======== PROVIDED RECORDS

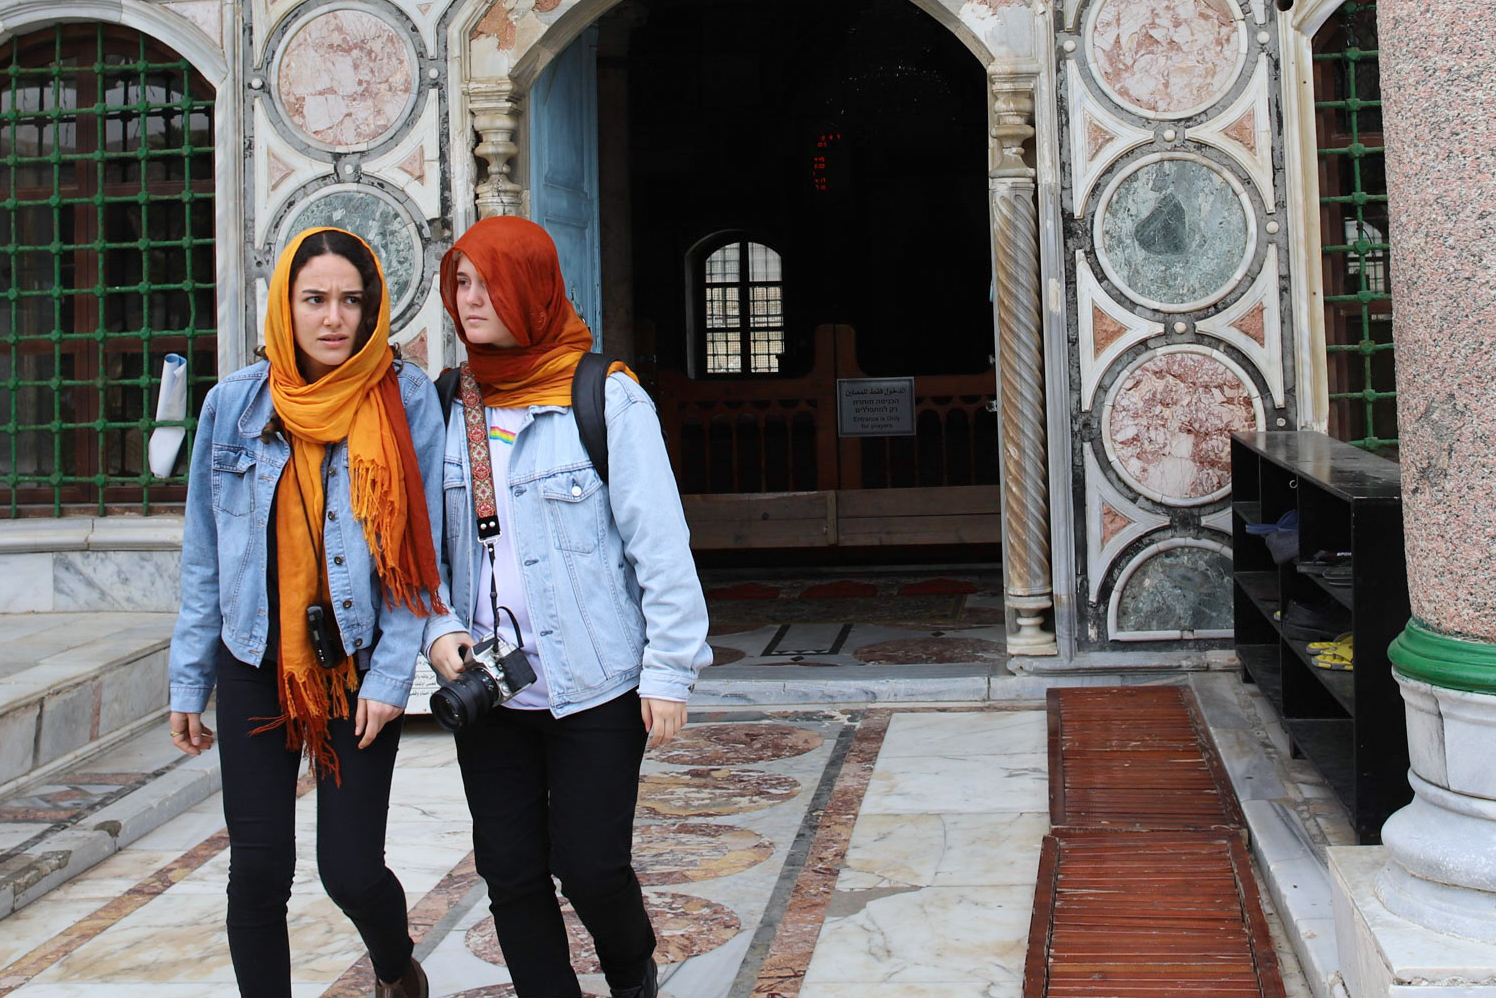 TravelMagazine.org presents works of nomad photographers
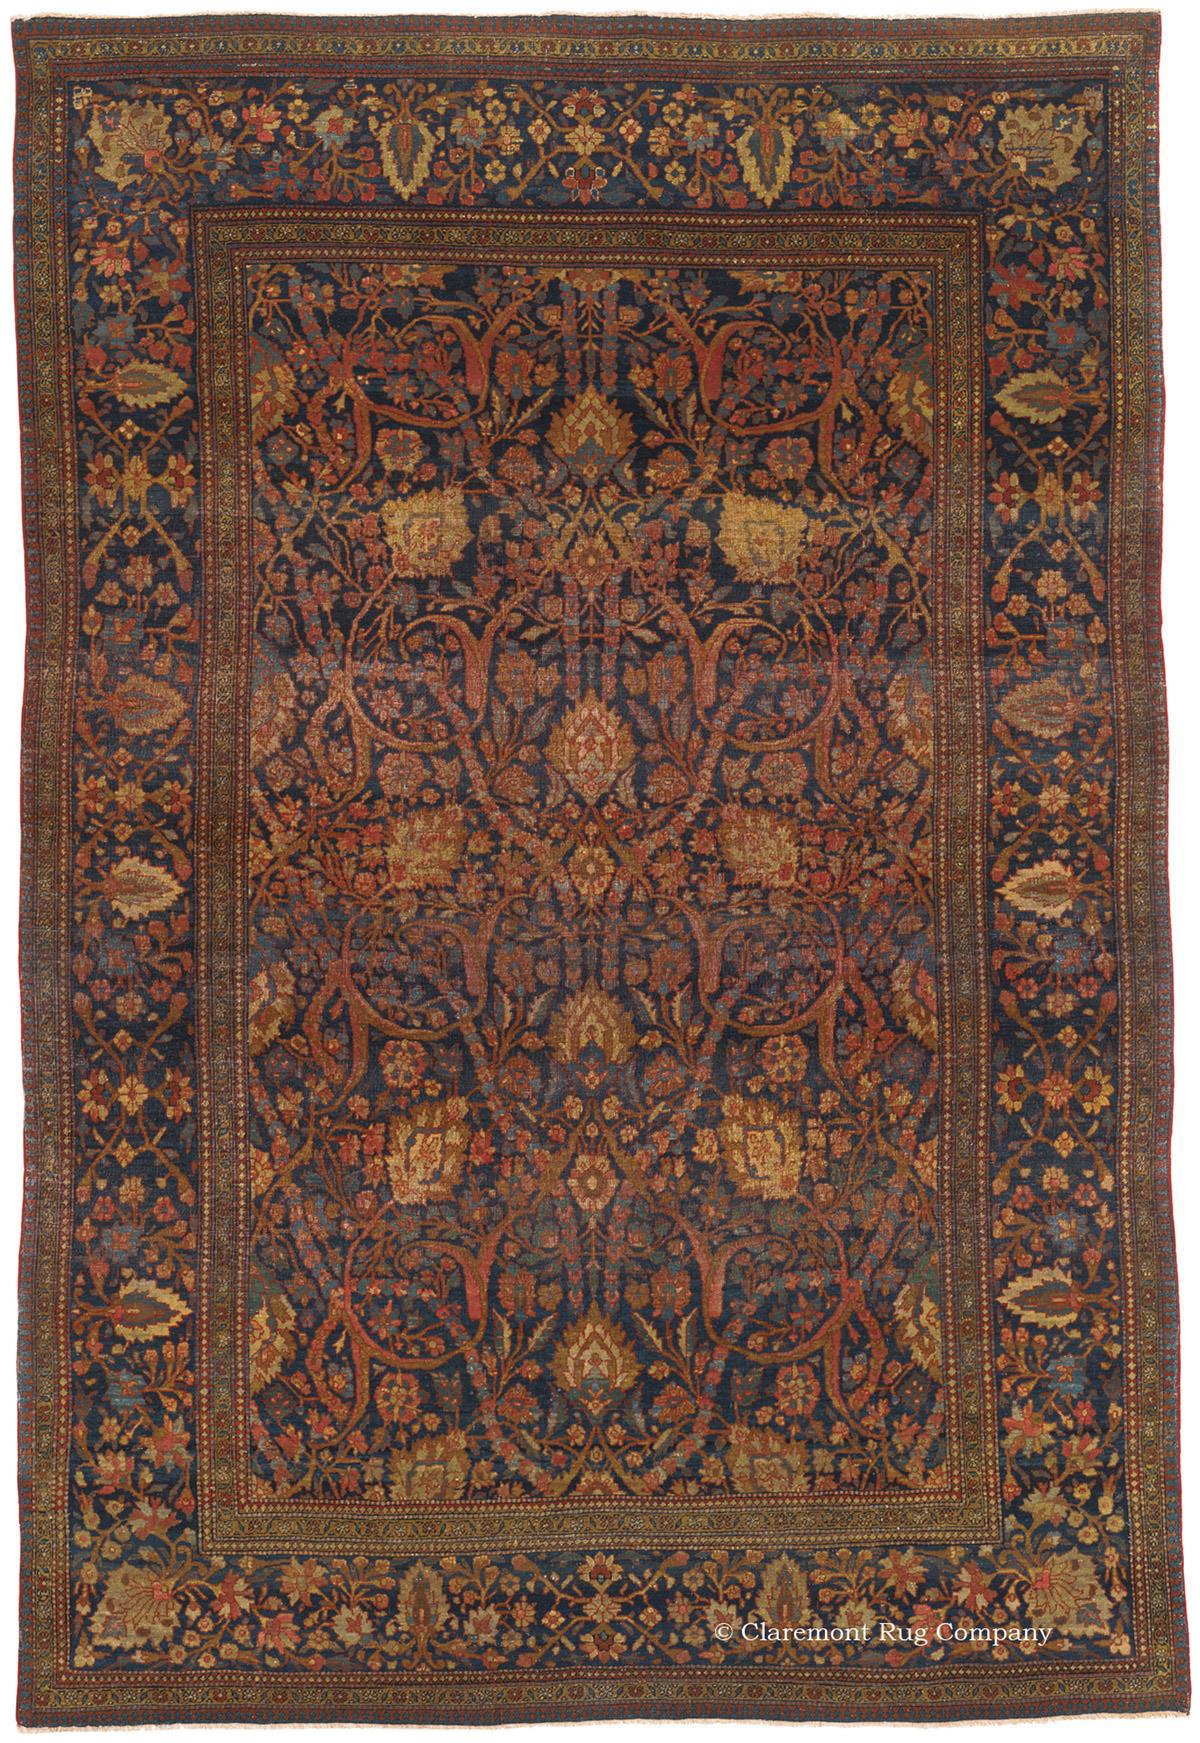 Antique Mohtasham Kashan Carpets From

================
======== PROVIDED RECORDS

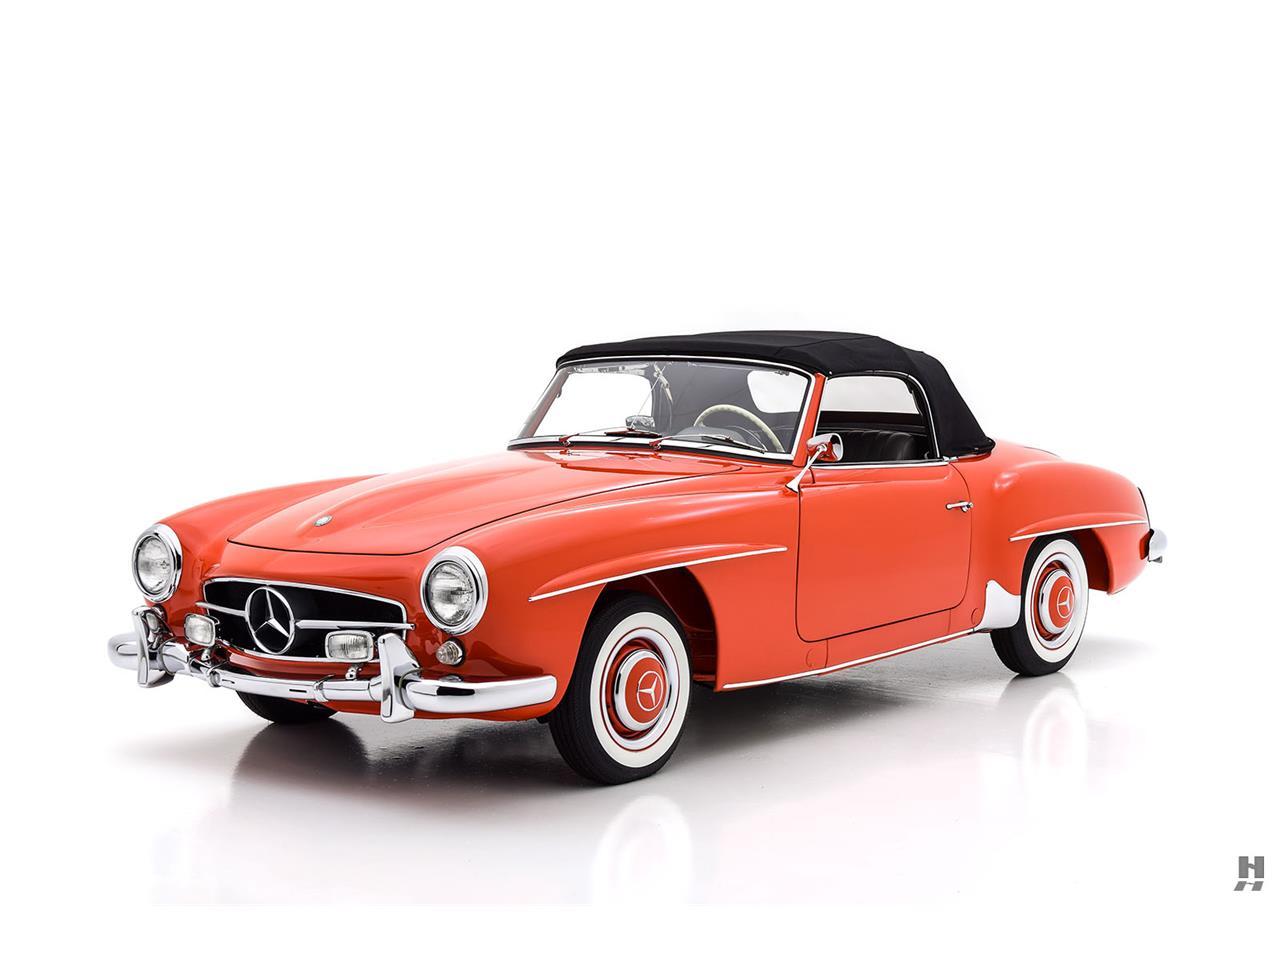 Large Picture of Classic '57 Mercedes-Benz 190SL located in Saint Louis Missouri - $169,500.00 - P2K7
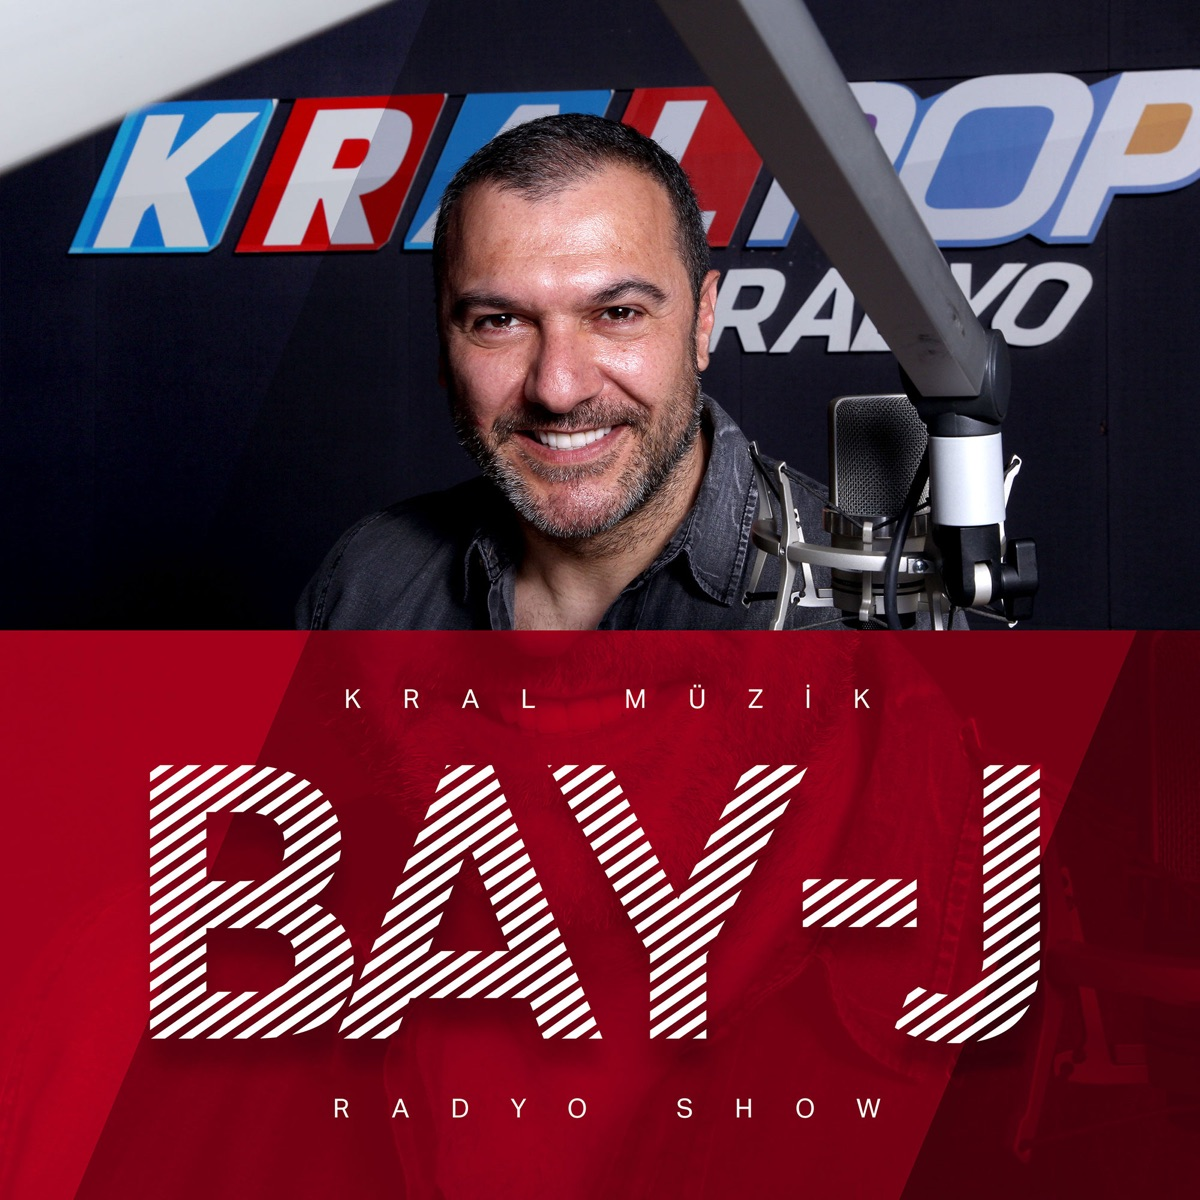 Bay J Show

================

▶ [EXERCISE INSTRUCTIONS]: Look through the material above. Transcribe exactly the lines between the ones with "TravelMagazine.org presents works" and "Antique Mohtasham Kashan Carpets From", inclusive, and keep pictures out.

▶ [REPLY]:
 TravelMagazine.org presents works of nomad photographers
 Antique Mohtasham Kashan Carpets From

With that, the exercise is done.